OpenAI paths (/v1/chat/completions, /v1/responses, /v1/models) — OpenAI envelope:
{ "error": { "message": "...", "type": "...", "code": "..." } }
Anthropic paths (/v1/messages, /v1/messages/count_tokens) — Anthropic envelope:
{ "type": "error", "error": { "type": "...", "message": "..." } }
The Anthropic envelope uses a different shape — no code field, and the discriminator type: "error" is at the top level (with the inner error.type giving the category, e.g. authentication_error, invalid_request_error, permission_error, api_error). Anthropic SDKs already parse this shape; vanilla OpenAI SDK error handlers won't, so call /v1/messages with an Anthropic SDK (or do raw HTTP).
Status codes are the canonical HTTP ones across both protocols:
| Status | OpenAI code / Anthropic error.type | Meaning |
|---|---|---|
| 401 | invalid_api_key / authentication_error | Missing or unknown sk-cf-... key. |
| 402 | insufficient_balance / permission_error | Account balance is negative. Top up in the console billing tab. |
| 403 | key_revoked / permission_error | The key was revoked. |
| 400 | model_not_available / invalid_request_error | The model you sent isn't in the verified catalogue, or is wrong for the endpoint (e.g. an OpenAI model on /v1/messages) — check Available models. |
| 503 | — | No upstream account currently serves the request — usually a pool-wide rate-limit window, not a config issue. |
| 503 | search_unavailable / api_error | You used :online but web search isn't configured on this relay. See Web search. |
| 502 | upstream_unreachable / api_error | Relay couldn't reach the backend. Retry after a short backoff. |
Pricing & billing
Pay-as-you-go, billed per token in microdollars (1 micro = $0.000001 = 1/10,000 of a cent) so sub-cent requests are tracked accurately. Rates are per 1M tokens, by tier — see the model table for which tier each model maps to.
| Tier | Models | Input / 1M | Output / 1M |
|---|---|---|---|
| Mini | gpt-5.4-mini, gpt-5.3-codex, claude-haiku-4.5, claude-haiku-4.5-thinking | $0.20 | $1.60 |
| Standard | gpt-5.2, gpt-5.2-chat-latest, gpt-5.4, gpt-5.4-2026-03-05, claude-sonnet-4.5, claude-sonnet-4.5-thinking, claude-sonnet-4.6, claude-sonnet-4.6-thinking | $0.75 | $6.00 |
| Premium | gpt-5.5 | $1.10 | $8.80 |
| Ultra | claude-opus-4.5, claude-opus-4.5-thinking, claude-opus-4.6, claude-opus-4.6-thinking, claude-opus-4.7, claude-opus-4.7-thinking, claude-opus-4.8, claude-opus-4.8-thinking | $5.00 | $25.00 |
Ultra-tier rates match Anthropic's published Opus list price — straight pass-through, no margin.

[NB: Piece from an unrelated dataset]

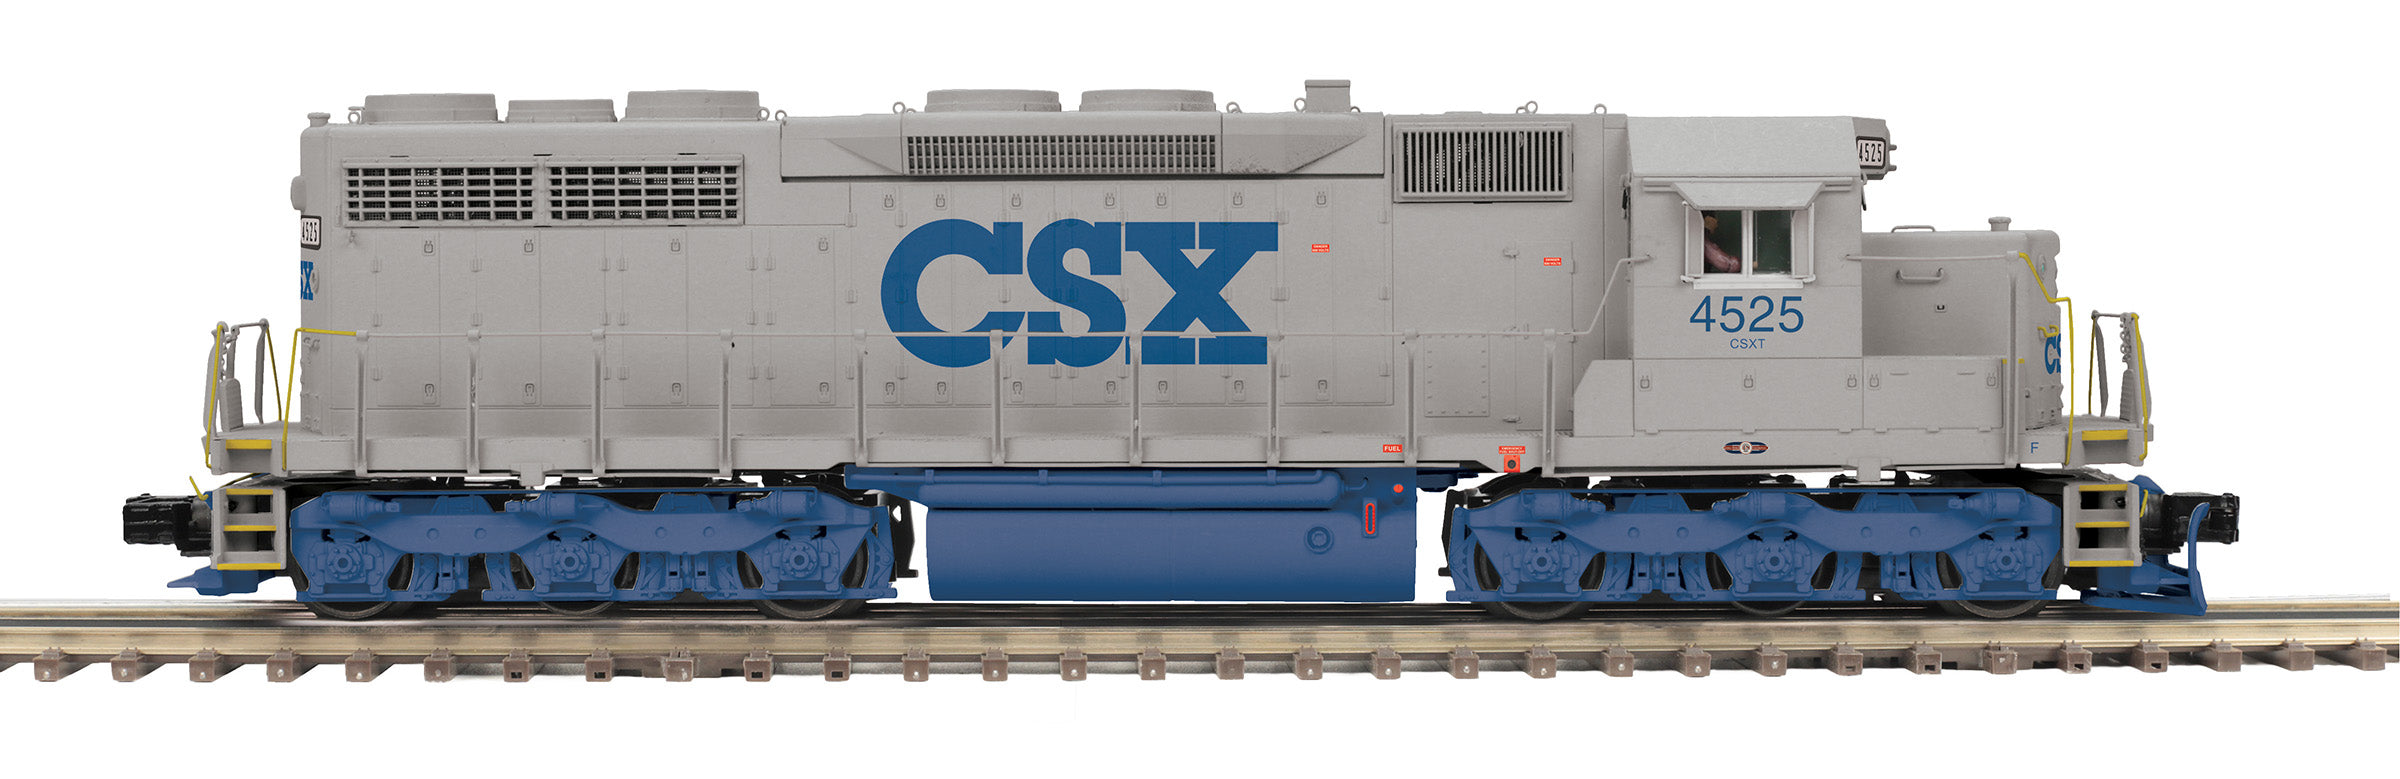 MTH 20-21759-1 - SD-35 Diesel Engine "CSX" #4525 w/ PS3 (Hi-Rail Wheels)

The other tiers run below their upstream rates thanks to the pooled subscription backing.
Reasoning tokens (when you set reasoning_effort on OpenAI, or use a Claude -thinking variant) count as output tokens at the model's tier rate — there's no separate surcharge for high effort, but a deep-thinking request can easily emit 10–50× more output tokens than a no-effort one, so the dollar bill scales with it.

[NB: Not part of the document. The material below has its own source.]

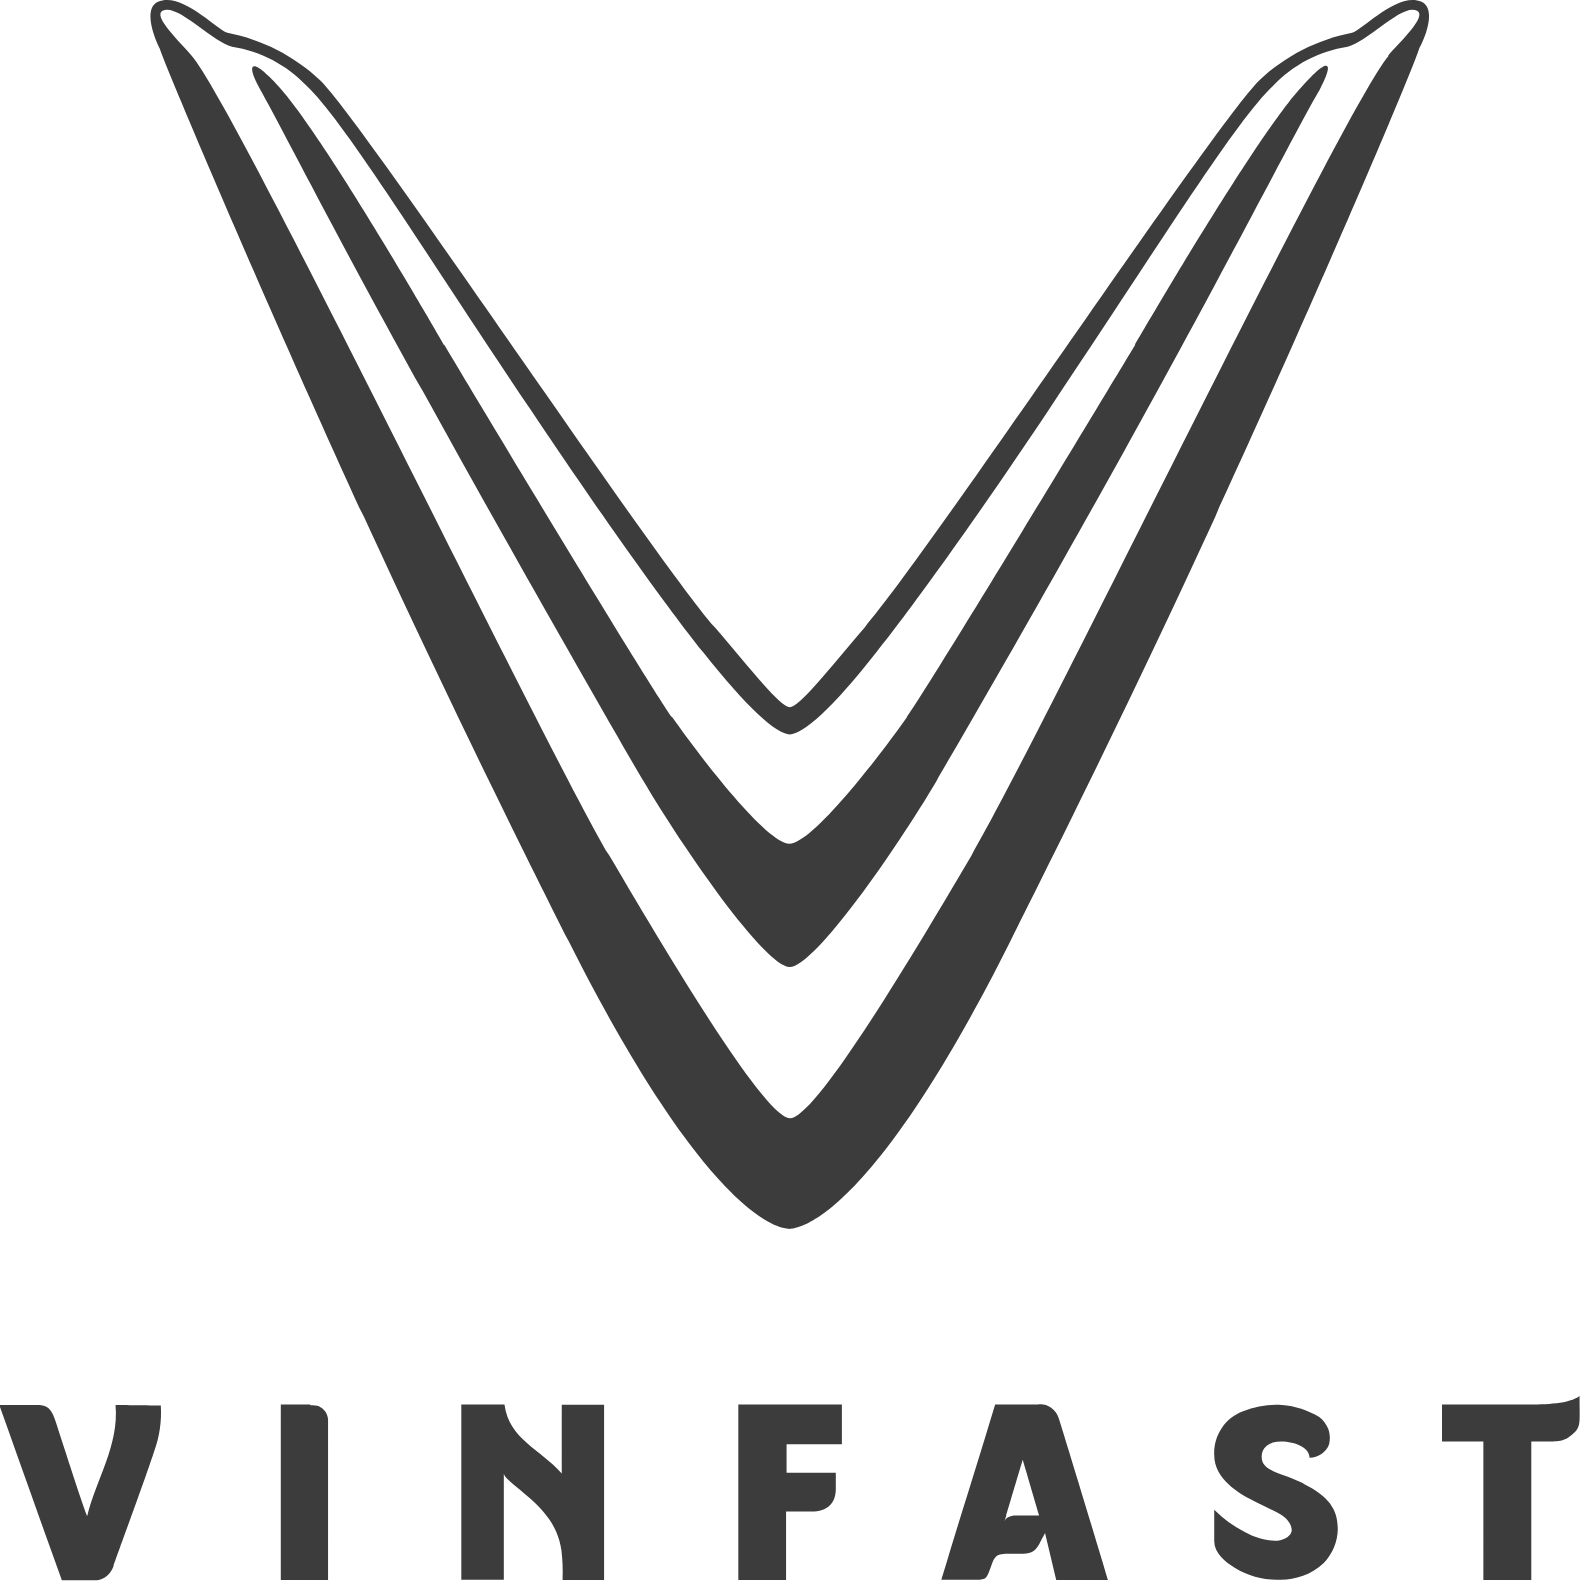 VinFast Auto logo large (transparent PNG)

Anthropic prompt-caching bills as a separate line item: cache writes at 1.25× and cache reads at 0.10× the tier's input rate. So a haiku-4.5 cache hit costs 0.20 × 0.10 = $0.02 per 1M tokens, and a sonnet-4.5 cache hit costs 0.75 × 0.10 = $0.075 per 1M tokens. Cache columns are recorded on each settle row so the console can show the breakdown.
Balance is deducted in real time as each request returns — for streaming requests, settlement runs after the [DONE] chunk lands. View your live balance and per-request settlements at /console#billing.
Rate limits
No per-key rate limits today. The upstream account pool concurrency & OpenAI server-side throttling apply; if you hit those, the relay returns 429 with a retry-after header. Per-key RPM / TPM limits will land post-MVP.